The web of people and things

At the heart of this vision is the idea that different web pages contain the same objects. Whether someone is reading about a book on Barnes and Noble, on O’Reilly or on a book review blog doesn’t matter. What matters is that the reader is interested in this particular book. And so it makes sense to connect her to friends and other readers who are interested in the same book — regardless of when and where they encountered it.

The same is true about many everyday entities that we find on the web — movies, albums, stars, restaurants, wine, musicians, events, articles, politicians, etc — the same entity is referenced in many different pages. Our brains draw the connections instantly and effortlessly, but computers can’t deduce that an “Avatar” review on Cinematical.com is talking about the movie also described on a page
on IMDB.com.

The reason it is important for things to be linked is so that people can be connected around their
interests and not around websites they visit. It does not matter to me where my friends are reading about
“Avatar”, what matters is which of my friends liked the movie and what they had to say. Without interlinking
objects across different sites, the global taste graph is too sparse and uninteresting.
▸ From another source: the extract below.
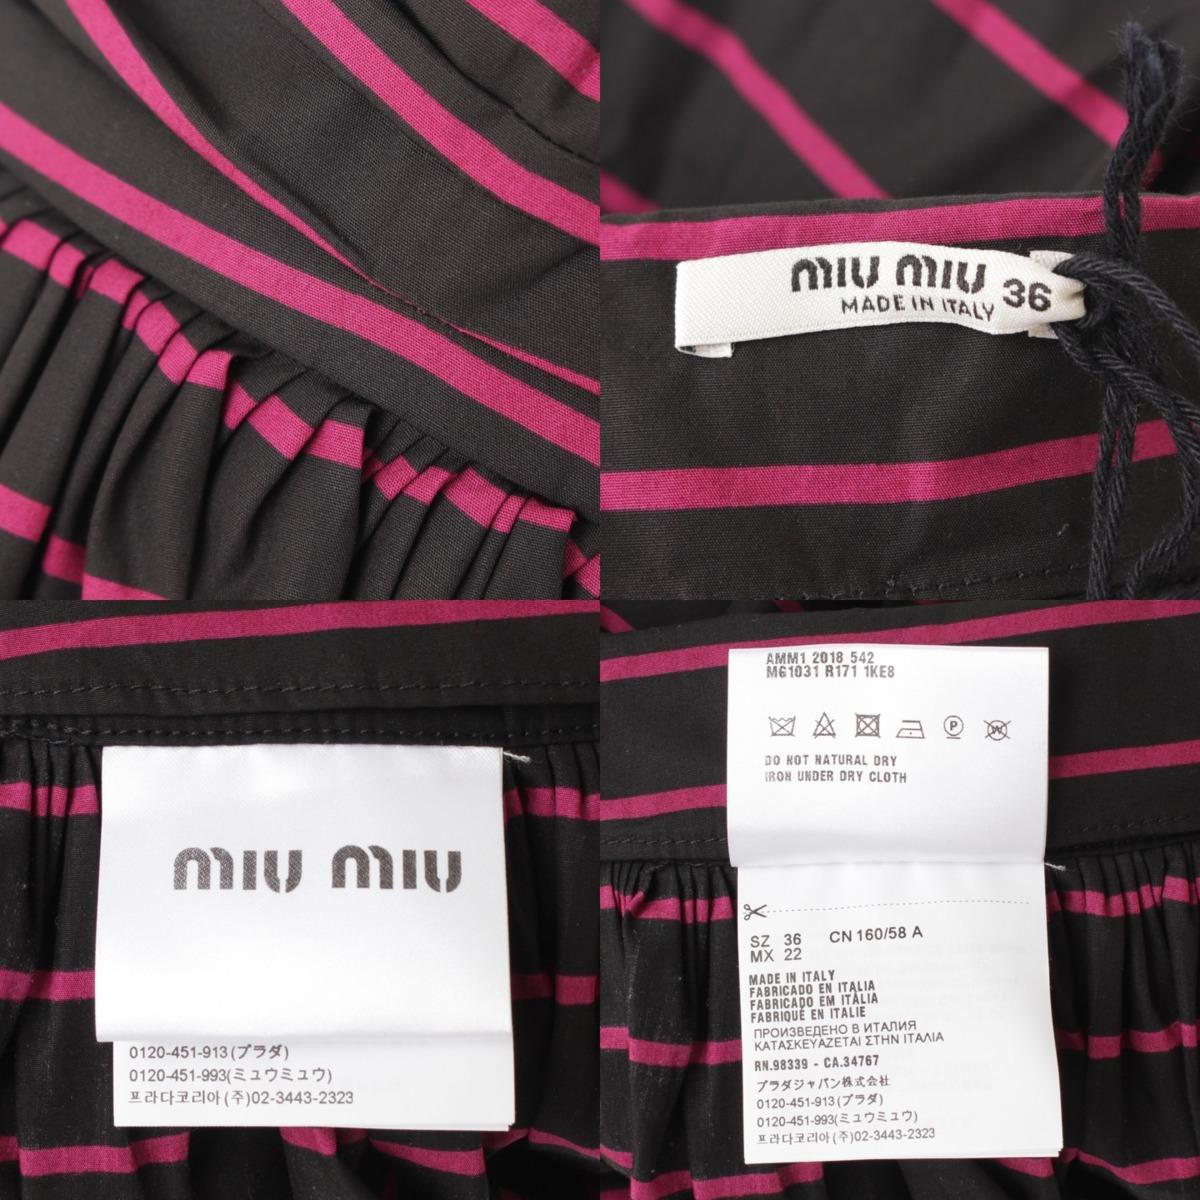 ミュウミュウ Miu Miu 2018 サイドリボン ボーダー スカート パープル×ブラック 36 未使用 鑑定済・正規品保証 6771054ALq3Rj

By re-imagining the
web as the graph of things we are interested in, a new dimension, a new set of connections gets unlocked — everything and everyone connects in a whole new way.

A brief history of semantic markups

The problem of building the web of people and things boils down to describing what is on the page and linking it to other pages. In Tim Berners-Lee’s original vision, the entities and relationships between them would be described using RDF. This mathematical language
was designed to capture the essence of objects and relationships in a precise way. While it’s true that RDF annotation would be the most complete, it also turns out to be quite complicated.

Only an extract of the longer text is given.